→ **ASSIGNMENT**
Going through the material below, output exactly the lines from the one containing "Convenor S Summary" through the one containing "Marietta Square Artisan Market 1", and no pictures.

→ **DATA FOR THIS EXERCISE**
*****

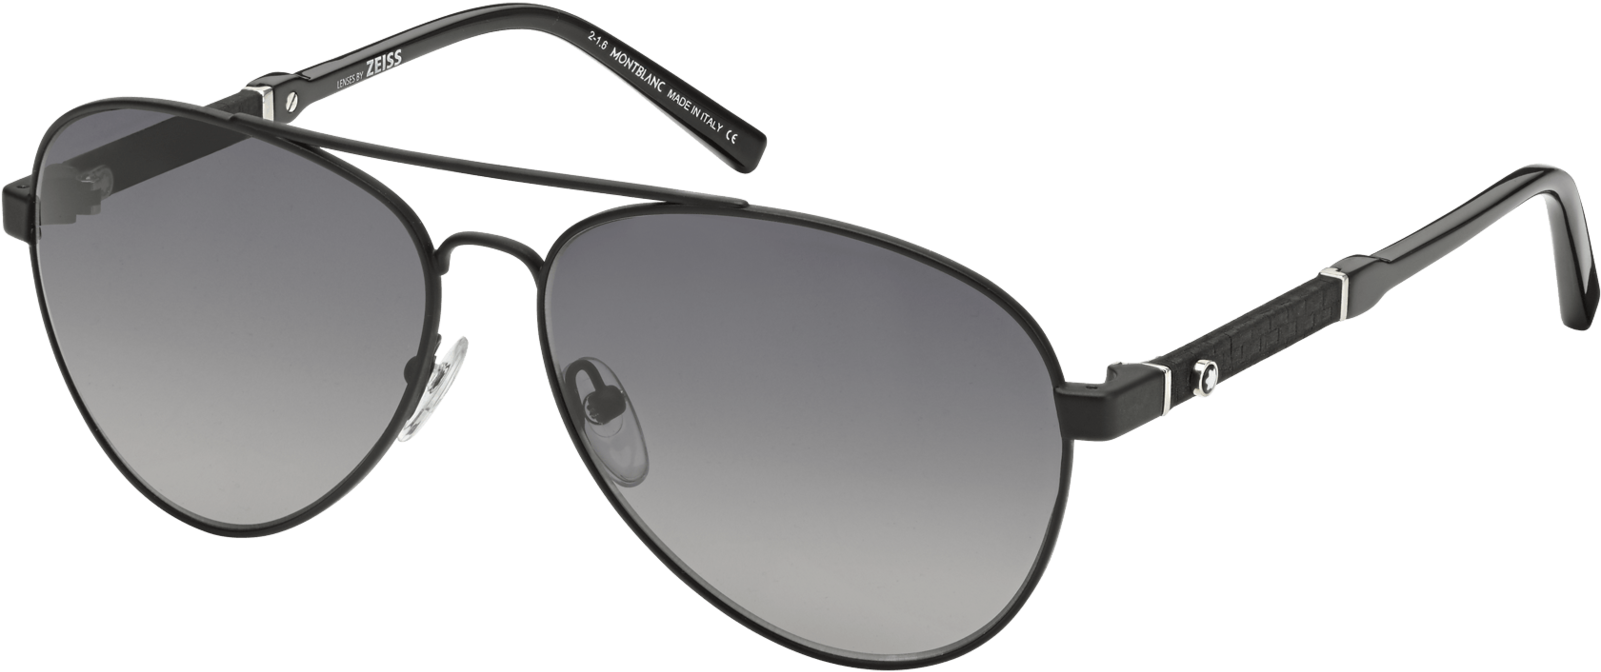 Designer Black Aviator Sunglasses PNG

*****

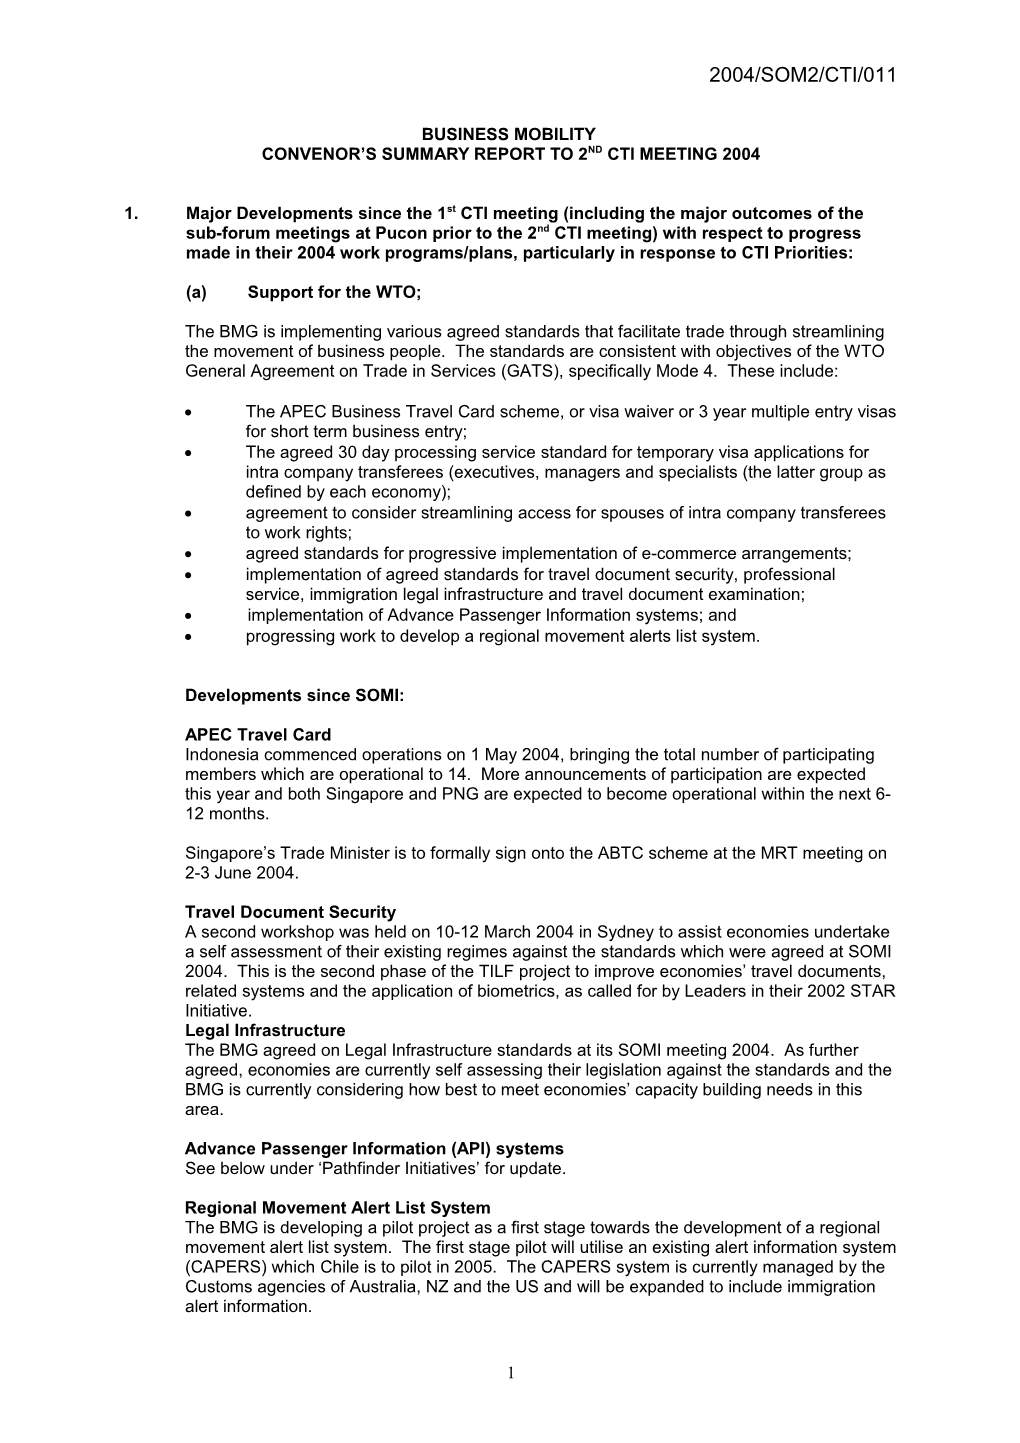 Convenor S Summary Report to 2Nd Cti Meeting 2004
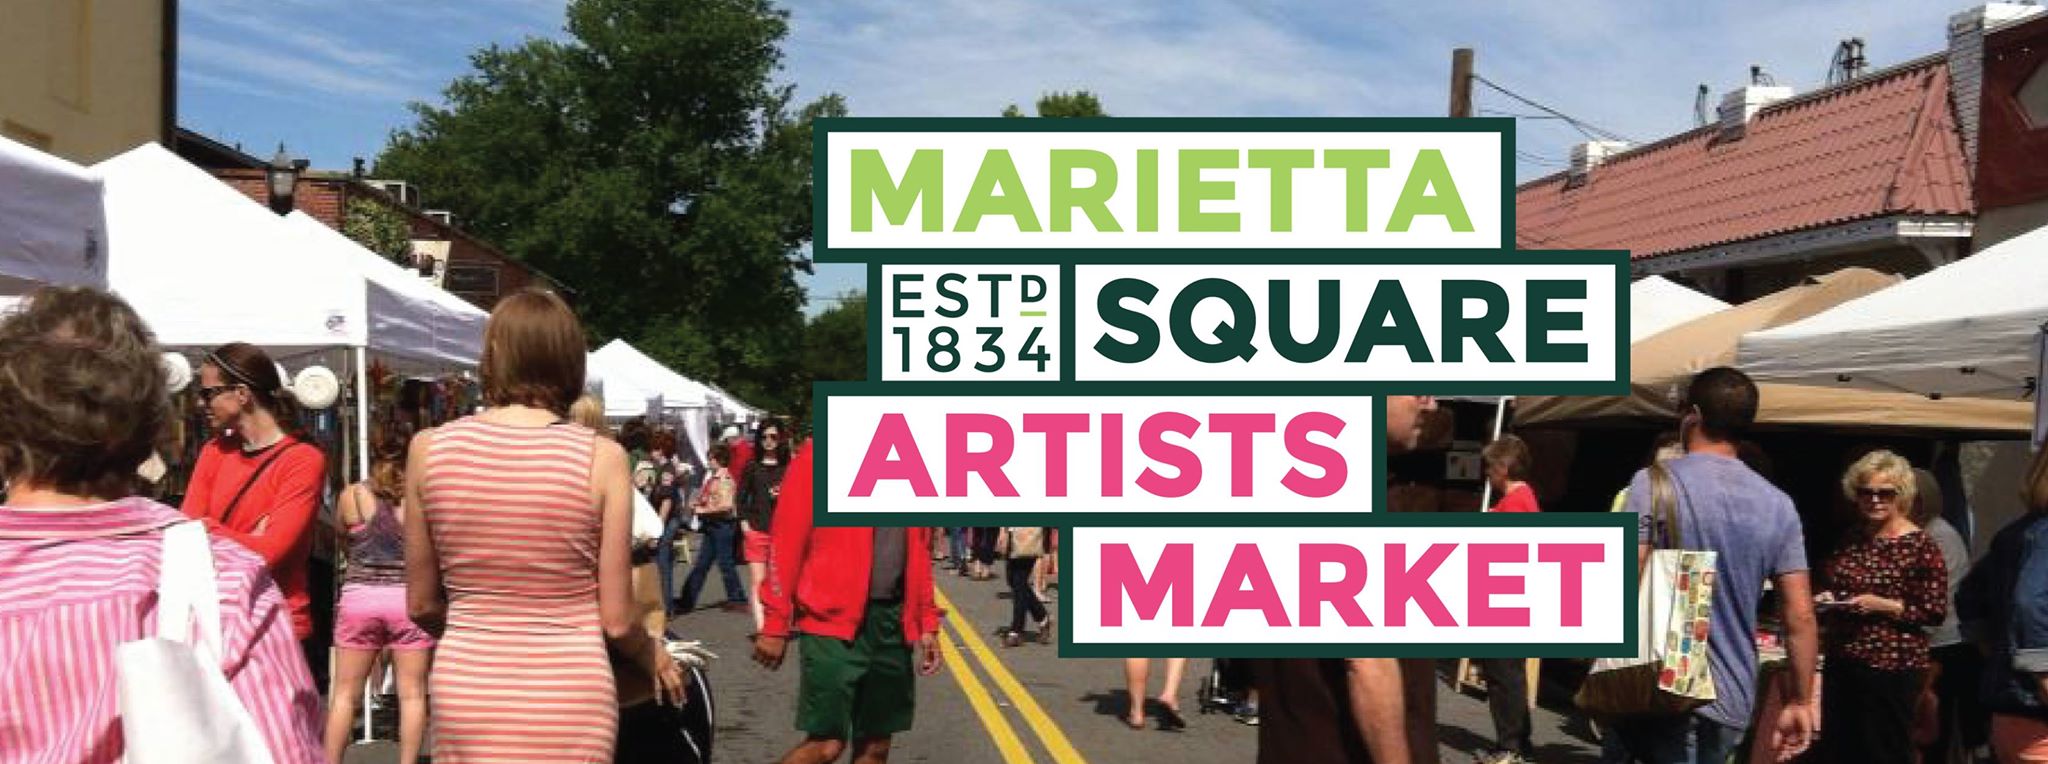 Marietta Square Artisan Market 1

*****

→ **RESPONSE AREA**
 Convenor S Summary Report to 2Nd Cti Meeting 2004
 Marietta Square Artisan Market 1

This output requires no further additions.